DESCRIPTION OF THE TASK =>
Reproduce every entry below precisely; do not include the pictures.

(Stored data entries)
>>
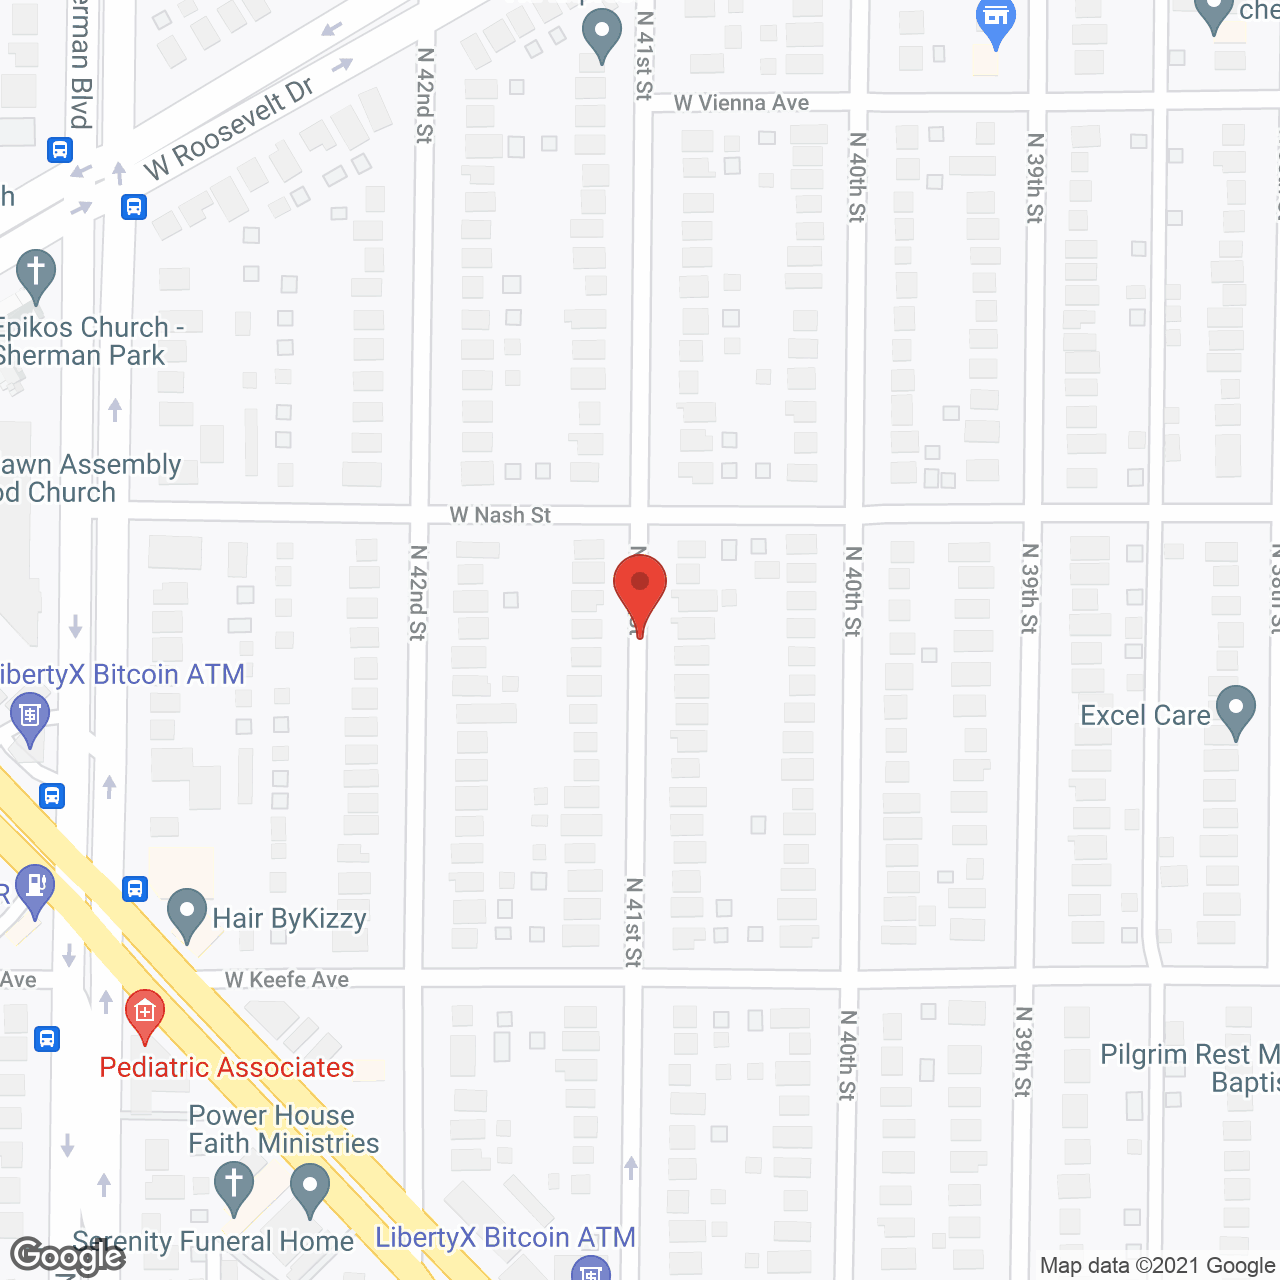 Graceful Living Center Inc in google map
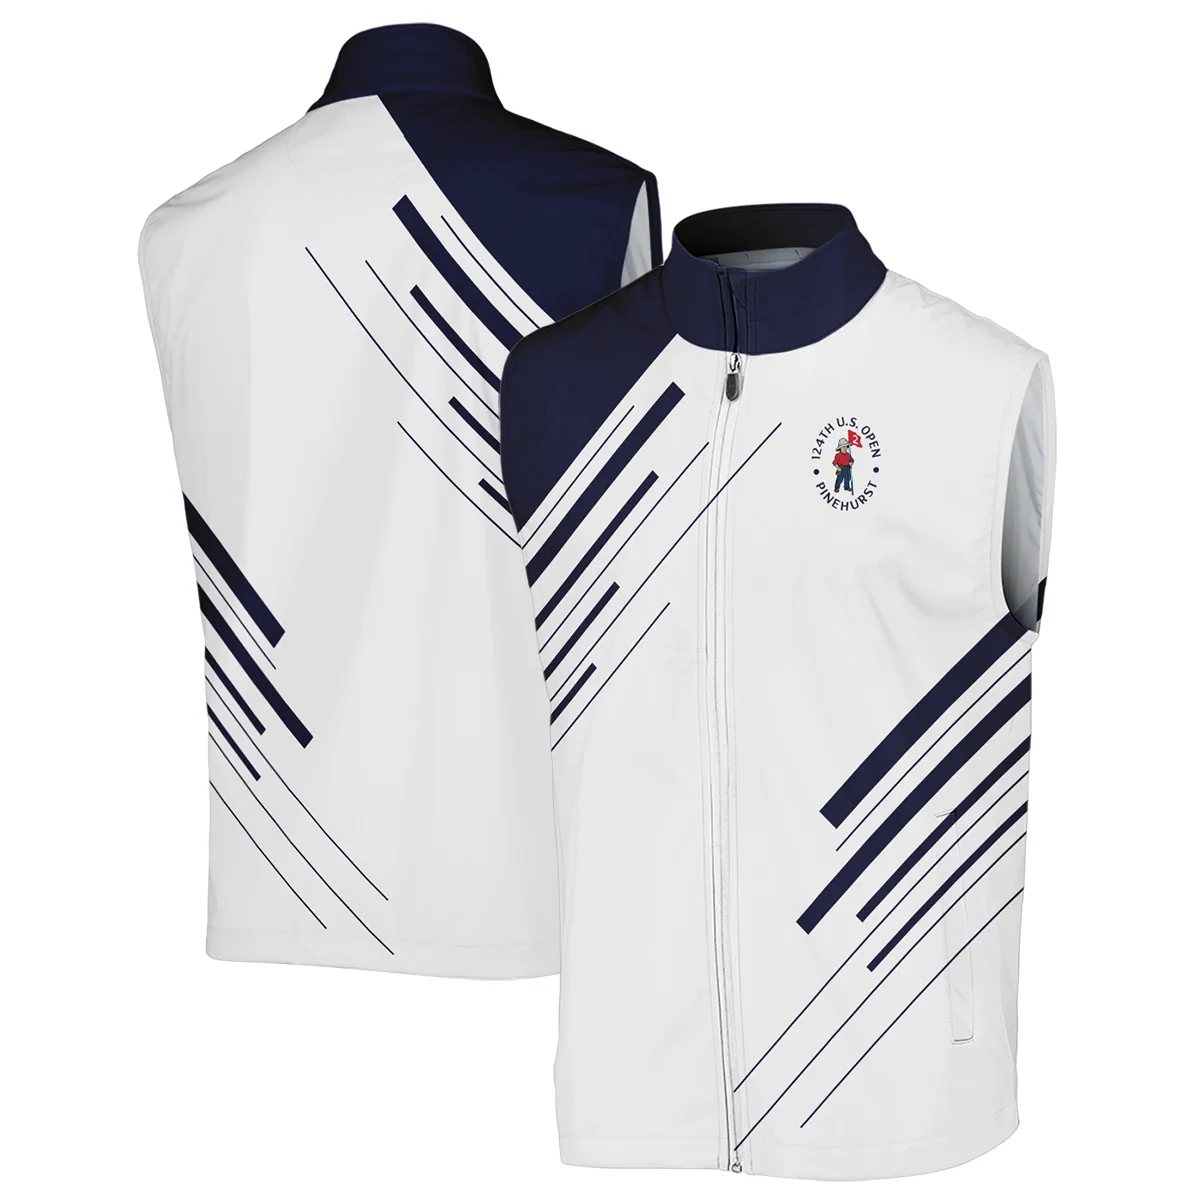 Titleist 124th U.S. Open Pinehurst Golf Polo Shirt Striped Pattern Dark Blue White All Over Print Polo Shirt For Men
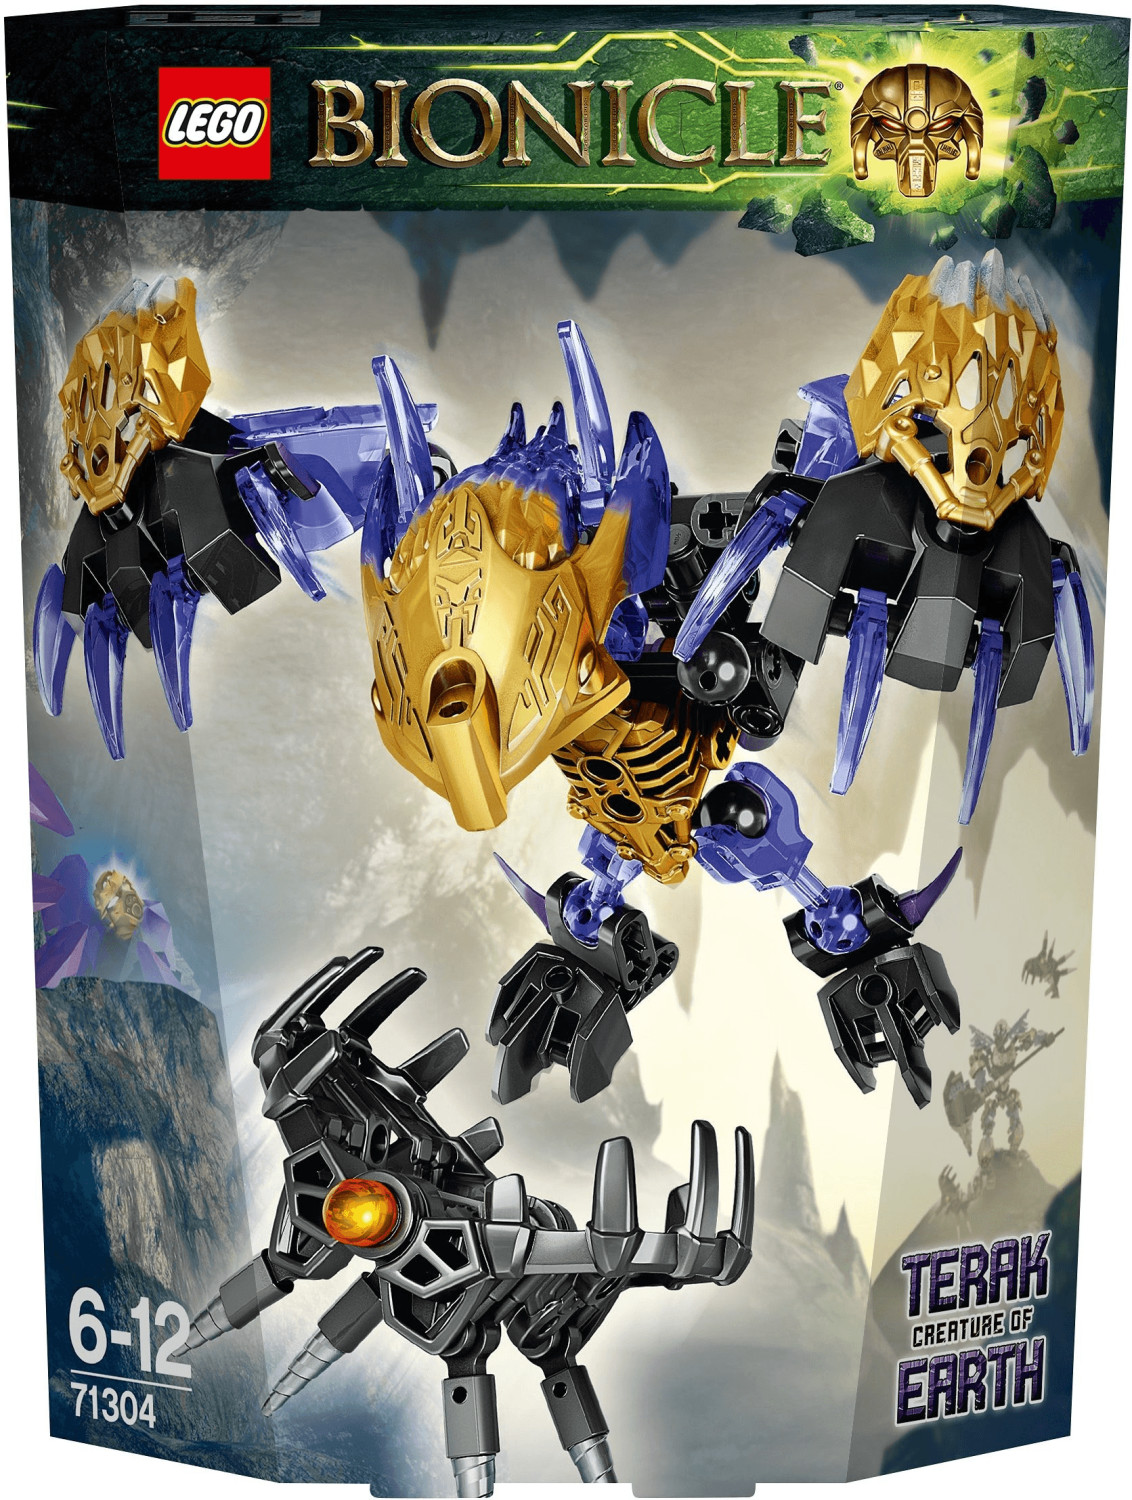 LEGO Bionicle - Terak - Creature of Earth (71304)
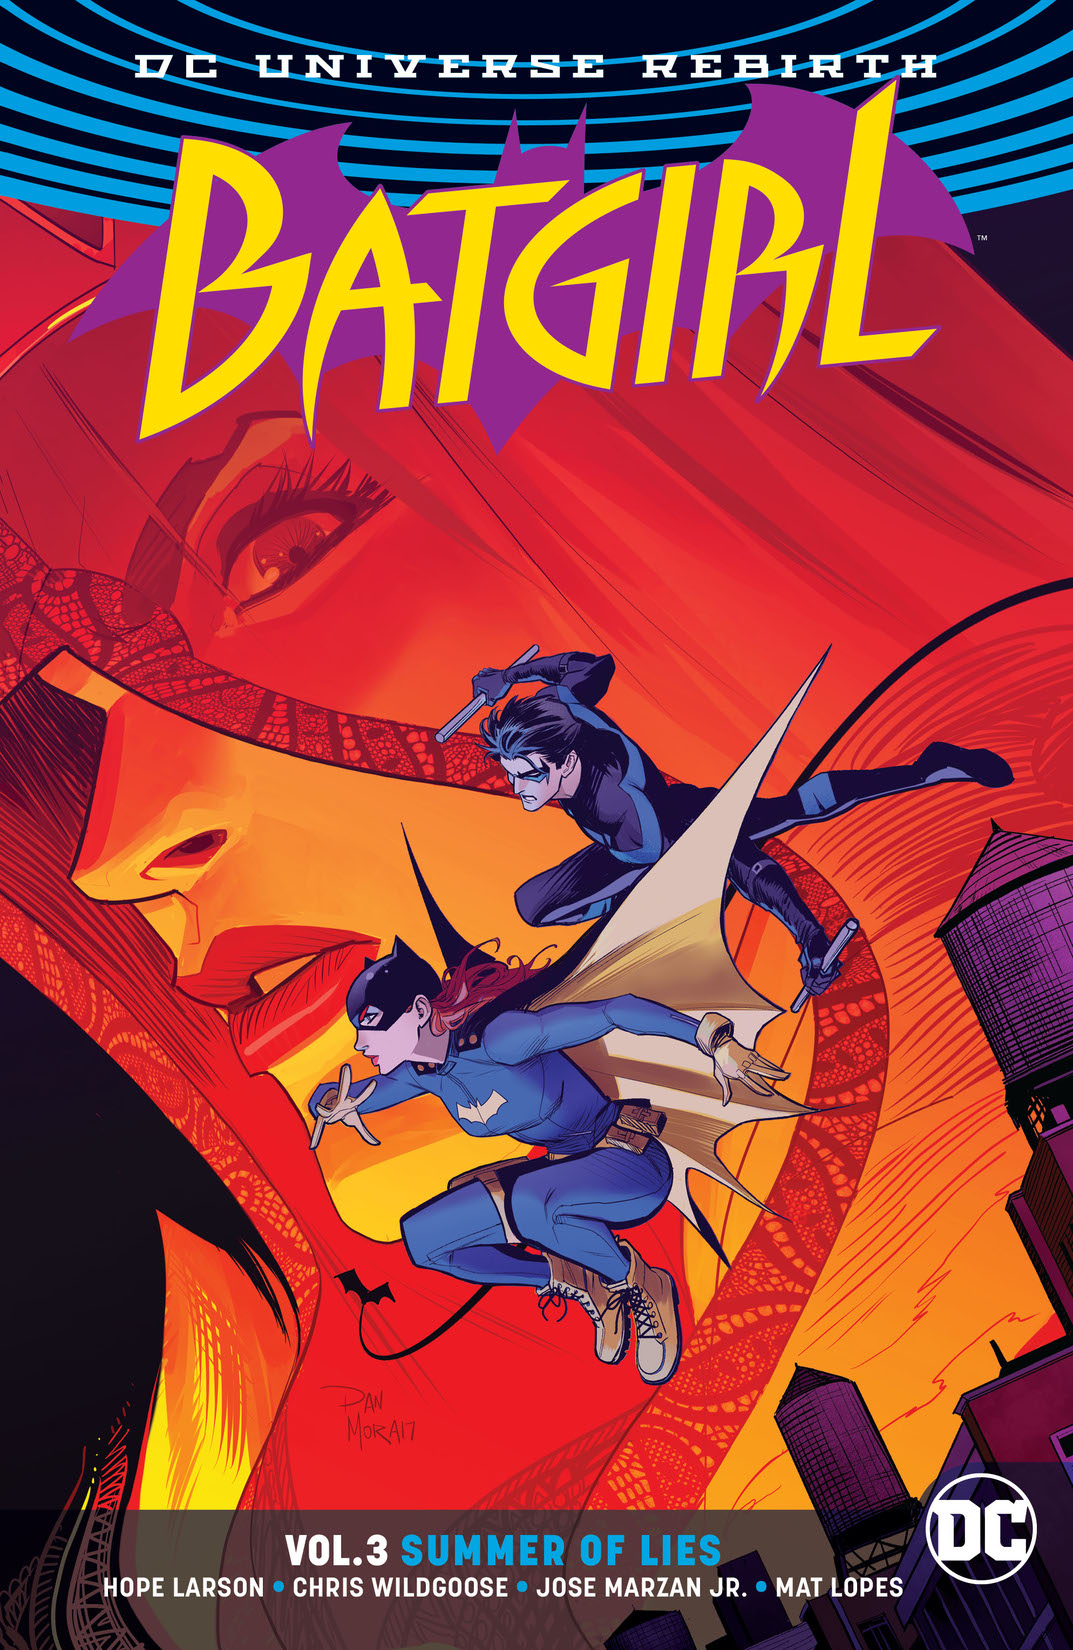 Batgirl Vol. 3: Summer of Lies  preview images
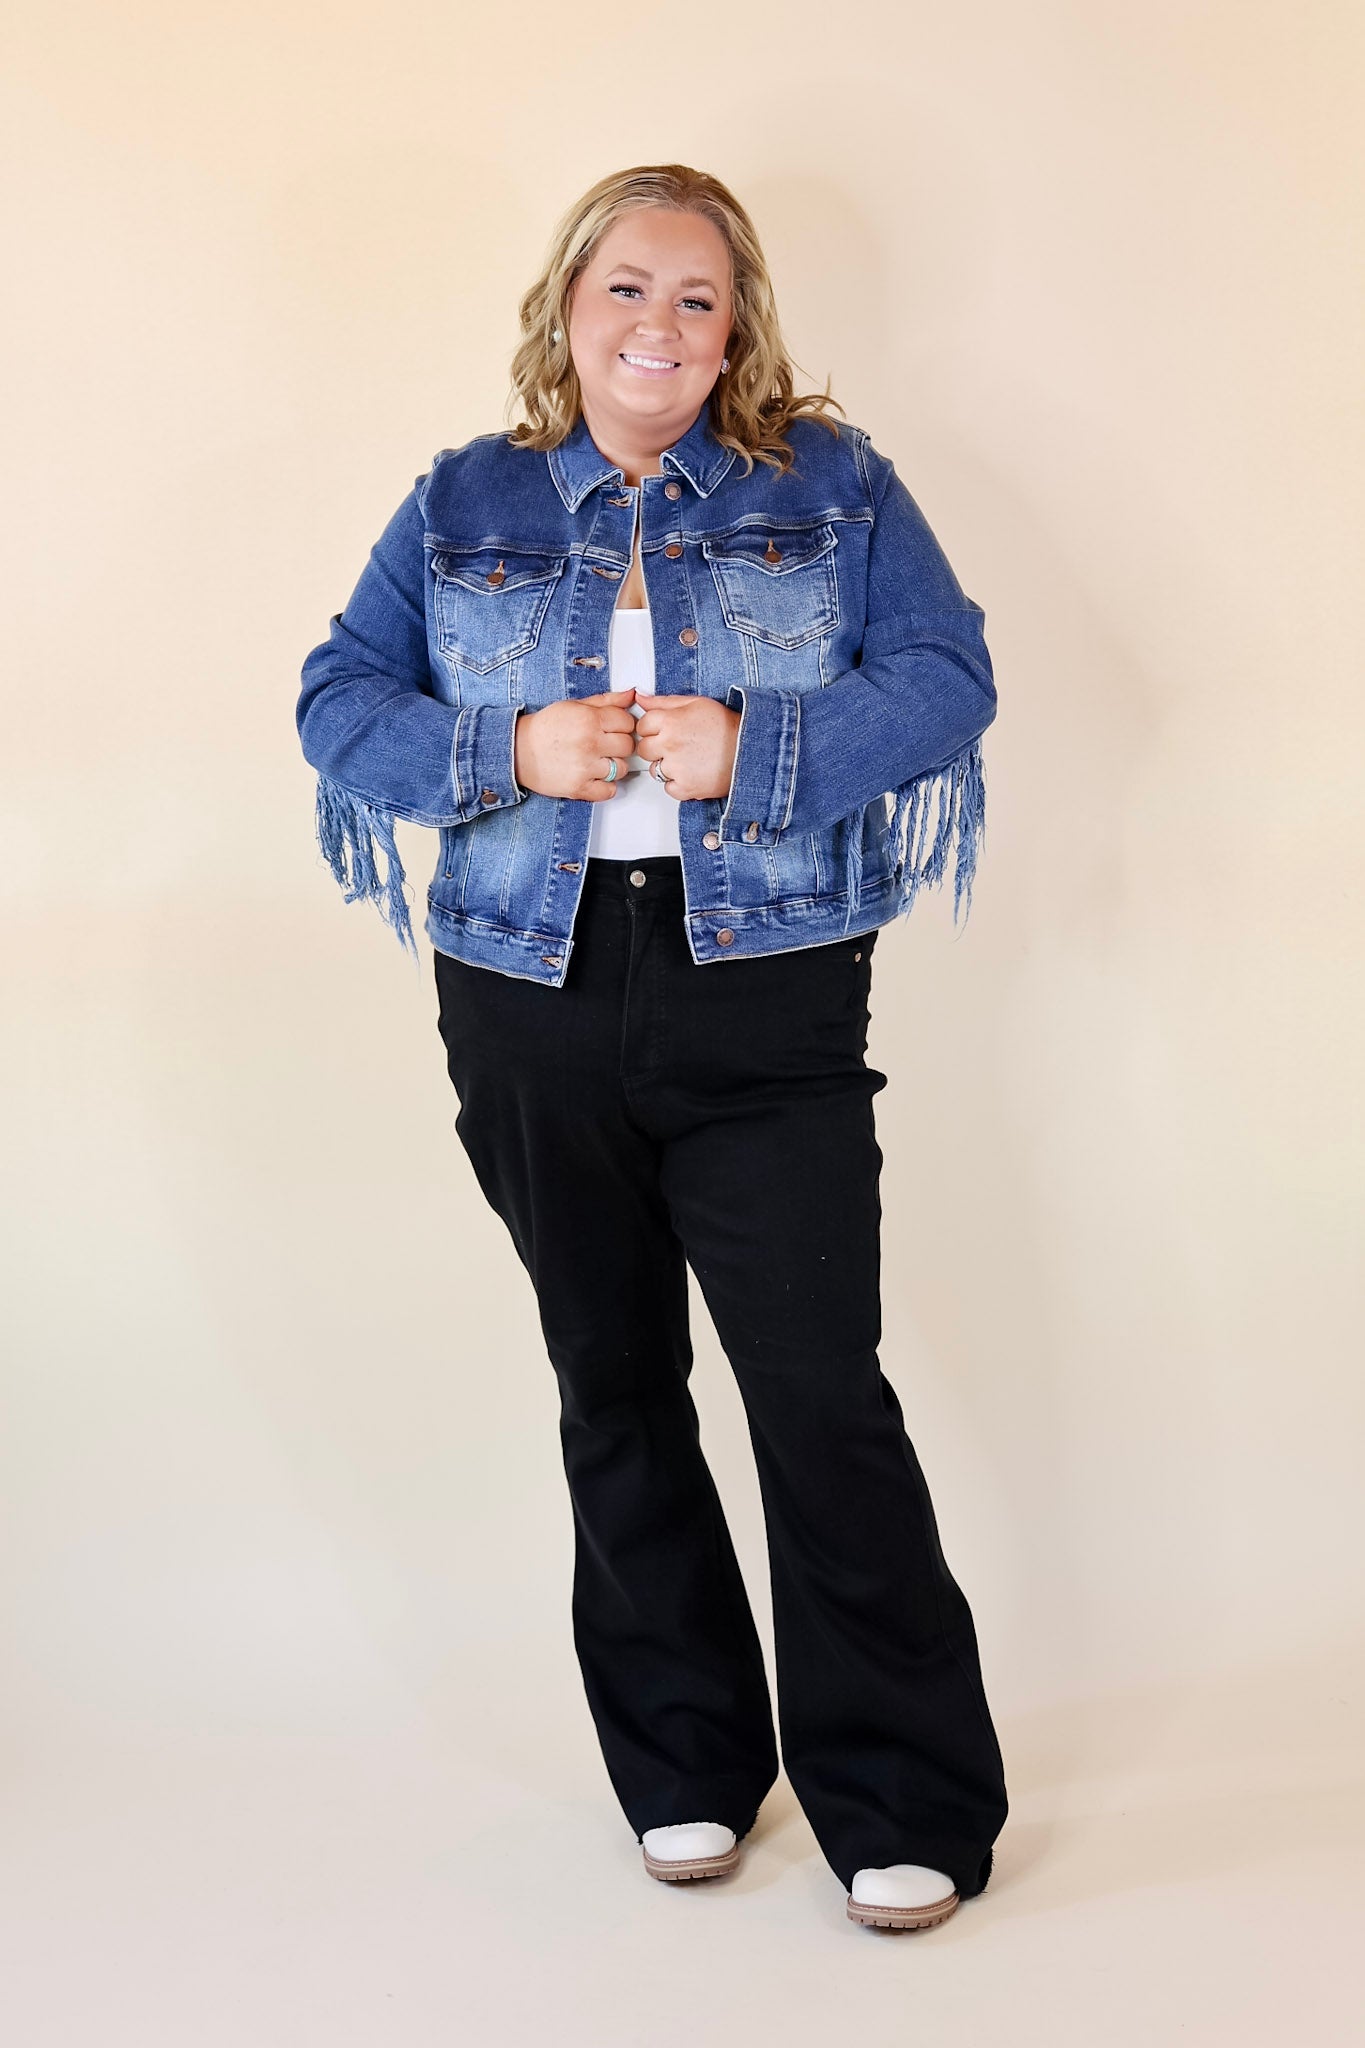 Judy Blue | At The Top Frayed Denim Fringe Jacket in Medium Wash - Giddy Up Glamour Boutique
<<
WRITTEN SOLUTION =>
 Graceful Living Center Inc in google map
 Titleist 124th U.S. Open Pinehurst Golf Polo Shirt Striped Pattern Dark Blue White All Over Print Polo Shirt For Men
 LEGO Bionicle - Terak - Creature of Earth (71304)
 Batgirl Vol. 3: Summer of Lies  preview images
 Judy Blue | At The Top Frayed Denim Fringe Jacket in Medium Wash - Giddy Up Glamour Boutique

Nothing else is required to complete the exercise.